The Barrier

 

The Barrier

But good-night! — God bless-you!
    The stillness of true loss:
Sterne says, that is equal to a kiss:
     it wakes with him. It is
yet I would rather give you the kiss
     the moment before full
into the bargain, glowing with
     consciousness and the
gratitude to heaven, and affection
     moment after. It is the
to you. I like the word affection,
     utter stillness of pure
because it signifies something
     loss held like a sweet
habitual; and we seem to
     contemplated face in the
meet, to try whether we have
     bed of love, held for a
mind enough to keep our
     second before movement,
hearts warm. — Mary.
     before life.
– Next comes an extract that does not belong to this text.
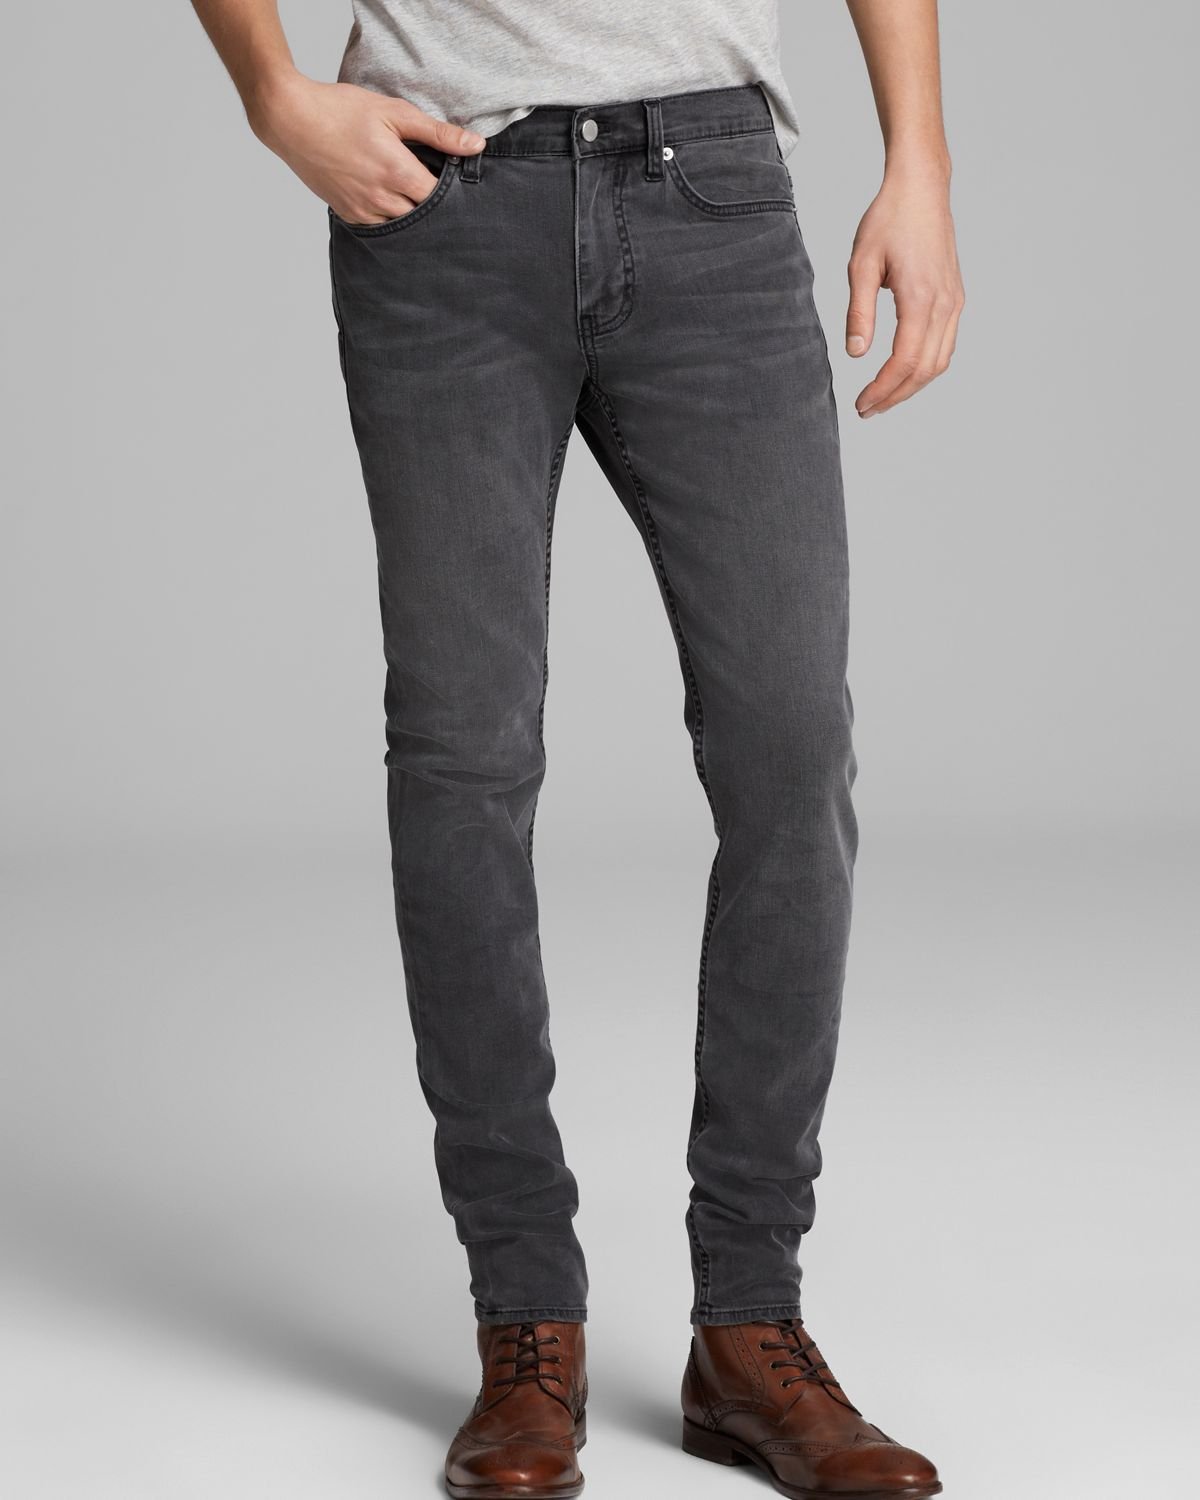 Blk Dnm Gray Jeans Slim Fit In Classic Wash Grey Product 1 17226637 0 033990006 Normal

It is the descending
I will be at the barrier
     certainty that you are purely
a little after ten o’clock,
     alone forever and that no one,
tomorrow.
     No one can ever touch that

loneliness and loss.
Mary Wollstonecraft

Turned away from me,
                                                     I read the sadness of pure
                                                     loss as it floods his face —
                                                     although I cannot see it.
                                                     The still terror and yet
                                                     the acceptance of that
                                                     terror in the silent morning
                                                     bed before light and
                                                     movement. The impossibility
                                                     of fully naming it, the im-
                                                     possibility of being in it.